Let us consider
$$Z = X_1 + X_1 X_2 + X_1 X_2 X_3 + \cdots.$$
Here the $X_i$'s can only take on two different values: either $X_i=a$ or $X_i=b$, with $0 < a < b < 1$ and $a+b = 1$. The $n$-th digit of $Z$ is said to be equal to one if $X_n = b$, and to zero if $X_n =a$. All real numbers in $[\frac{a}{1-a}, \frac{b}{1-b}]$ can be uniquely represented in this form (uniquely is to be understood in the same sense that the traditional binary representation of a number is "unique".)
A simple algorithm can be used to compute the digits of $Z$. See below its coded version (in Perl). Note that $a, b$ are represented by $alpha, $beta in the program. The variable $sum is used to double check that the computations were successful, and give you some idea of how many digits can be accurately computed: it converges to $Z$, and represents the successive approximations of $Z$ using an increasing number of terms in the formula at the very beginning of this article.
open(OUT,">att.txt");
$beta=sqrt(2)/2;
$alpha=1-$beta;
$min=$alpha/(1-$alpha);
$max=$beta/(1-$beta);
$z=log(2);
$prod=1;
$upper=$beta/(1-$alpha);
$lower=$alpha/(1-$beta);
if ($z > $upper) {
$sum=$beta;
$digit=1;
} else {
$sum=$alpha;
$digit=0;
}
$prod=$sum;
print OUT "z = $z (b = $beta | min = $min | max = $max)\n";
print OUT "$digit\n";
for ($k=0; $k<60; $k++) {
$upper = $sum+ $prod *$beta/(1-$alpha);
$lower = $sum+ $prod *$alpha/(1-$beta);
if ($lower < $z) {
$prod = $prod * $beta;
$digit=1;
} else {
$prod=$prod * $alpha;
$digit=0;
}
$sum+=$prod;
print OUT "$digit\n";
}
print OUT "sum = $sum\n";
close(OUT);
My Question:
Is there a simple expression or recursion that maps the digit of $Z$ in base two, to its digits in the system discussed here? Of course there is a one-to-one mapping: if you know the digits in one system, then compute $Z$, then compute the digits back into the other system. But I am looking at something smarter than that, also hoping to find patterns between the two representations (digits) of a number $Z$ in both systems.
Fun facts
In the case $a=-0.5, b=0.5$ (not covered here) the one-to-one mapping between the two digit systems (mine versus standard binary) is described in section 5 in this article.

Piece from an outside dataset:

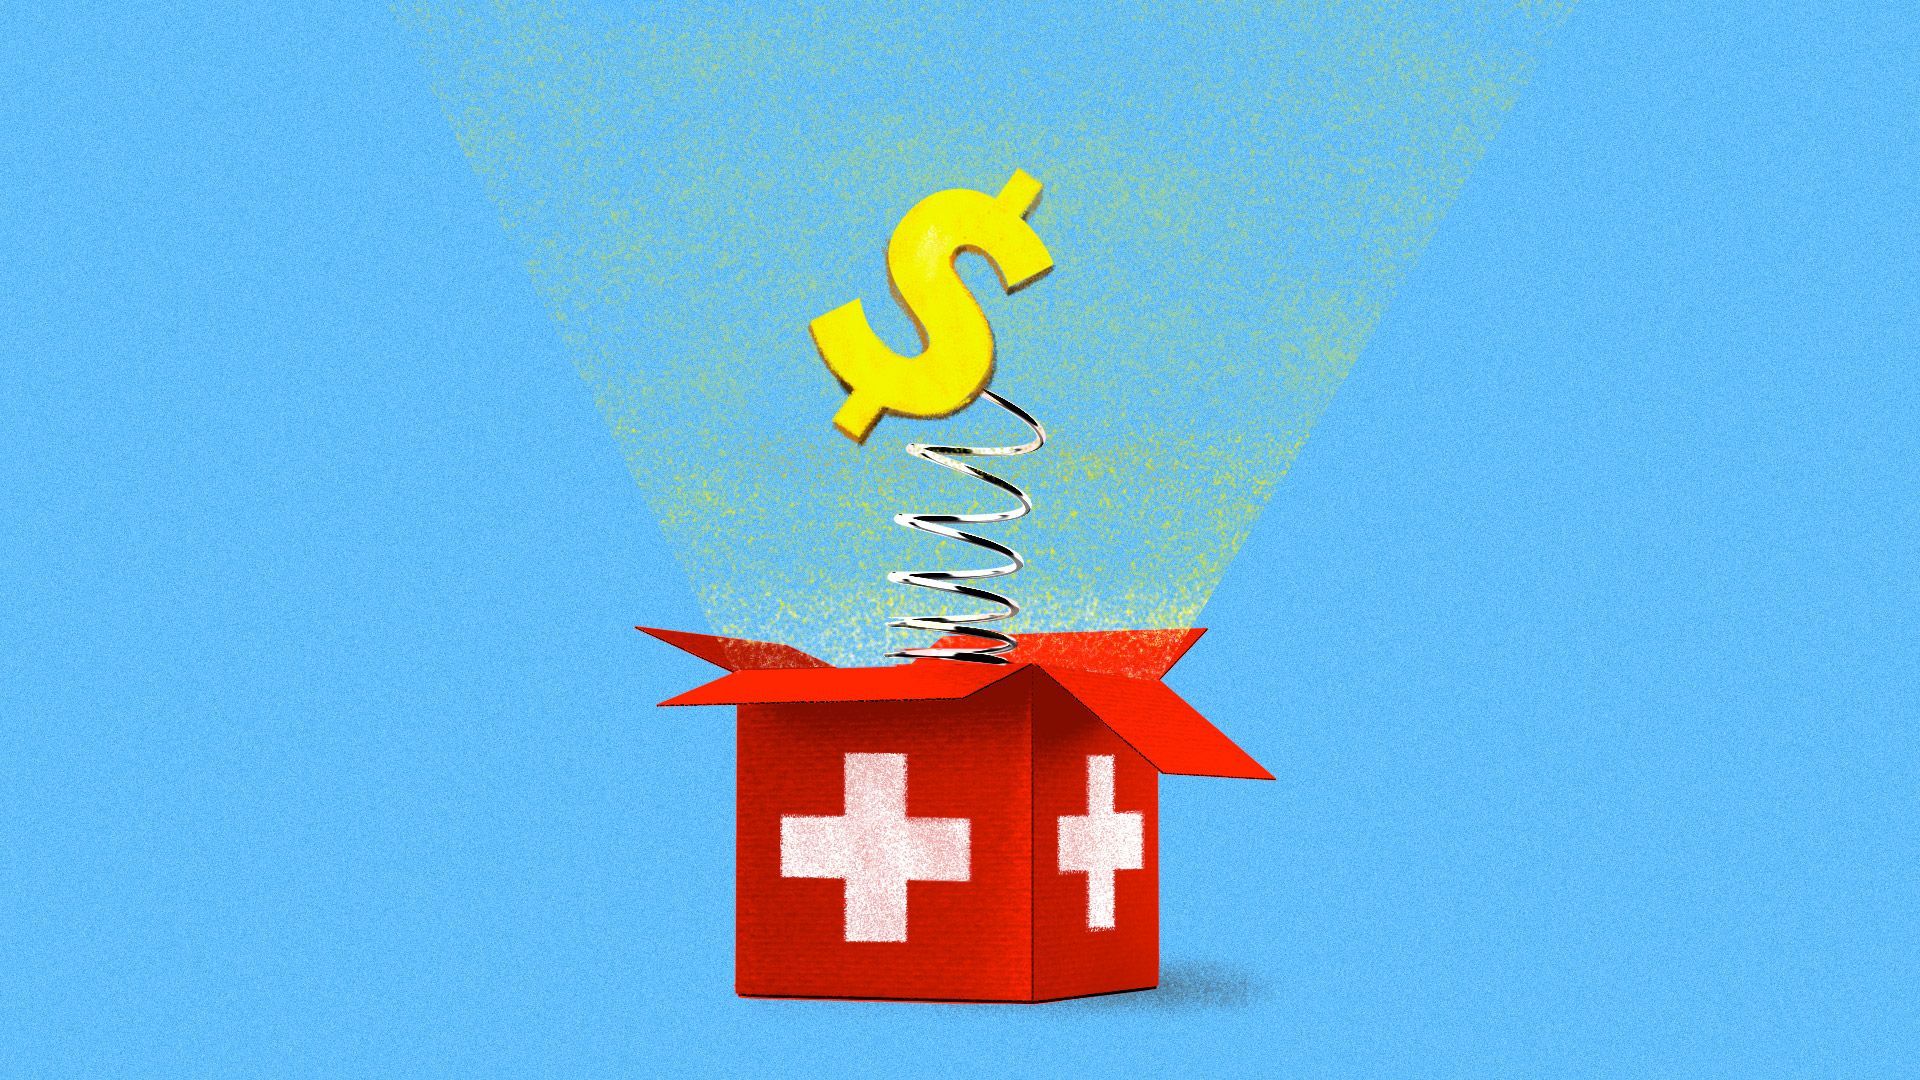 Illustration of a dollar sign springing out of a box with a healthcare cross on it.

Also, if you pick up a number at random in $[\frac{a}{1-a}, \frac{b}{1-b}]$, then in my system, the proportion of digits equal to 1, is $b$. By contrast, in the standard binary system, that proportion is 50%. In both systems, successive digits are not auto-correlated (true for the immense majority of numbers, called normal numbers.)
Finally, consider the $X_i$'s as independent random variables with distribution $P(X_i = b) = b, P(X_i = a) =a$. Remember that $a+b =1$ and $0< a < b < 1$. Then $Z$ has a uniform distribution on $[\frac{a}{1-a}, \frac{b}{1-b}]$. If $a+b < 1$, then the support domain for $Z$ is full of wholes, and $Z$'s distribution is nowhere differentiable; it does not have a density. Yet it has a distribution and you can compute all its moments. See here for more on this topic. The case $P(X_i = b) = p,P(X_i = a) = 1-p$, with $p \neq b$ can also lead to a very wild distribution for $Z$. See chart below, picturing the empirical percentile distribution of $Z$, if $a=0.4, b=0.6, p =0.8$. It corresponds to a no-where differentiable distribution. If instead $p=0.6$, the curve becomes a straight line, corresponding to a uniform distribution.
Potential application
You can encode a message using the new numeration system proposed here. However, if you use (say) $b=0.6$, it will be very obvious to the hacker that you used $0.6$ since about 60% of the digits will be equal to one. The hacker will then easily decode your message. But you could pepper the encoded message with a number of digits equal to zero, at specific locations, to reduce the proportion of digits equal to one, from 60% to 50%. Then the hacker won't know which $b$ you used, and won't be able to easily decrypt your message. You need to make sure that when adding zero's, you do it in such a way that the correlation between successive digits remains equal to zero.
I am also curious to see what happens when $b\rightarrow 0.5$ or $b\rightarrow 1$. I also plan on investigating the case $b=3/4$, or more generally, $b$ a rational number, in more details, and I will provide an update if I find something interesting.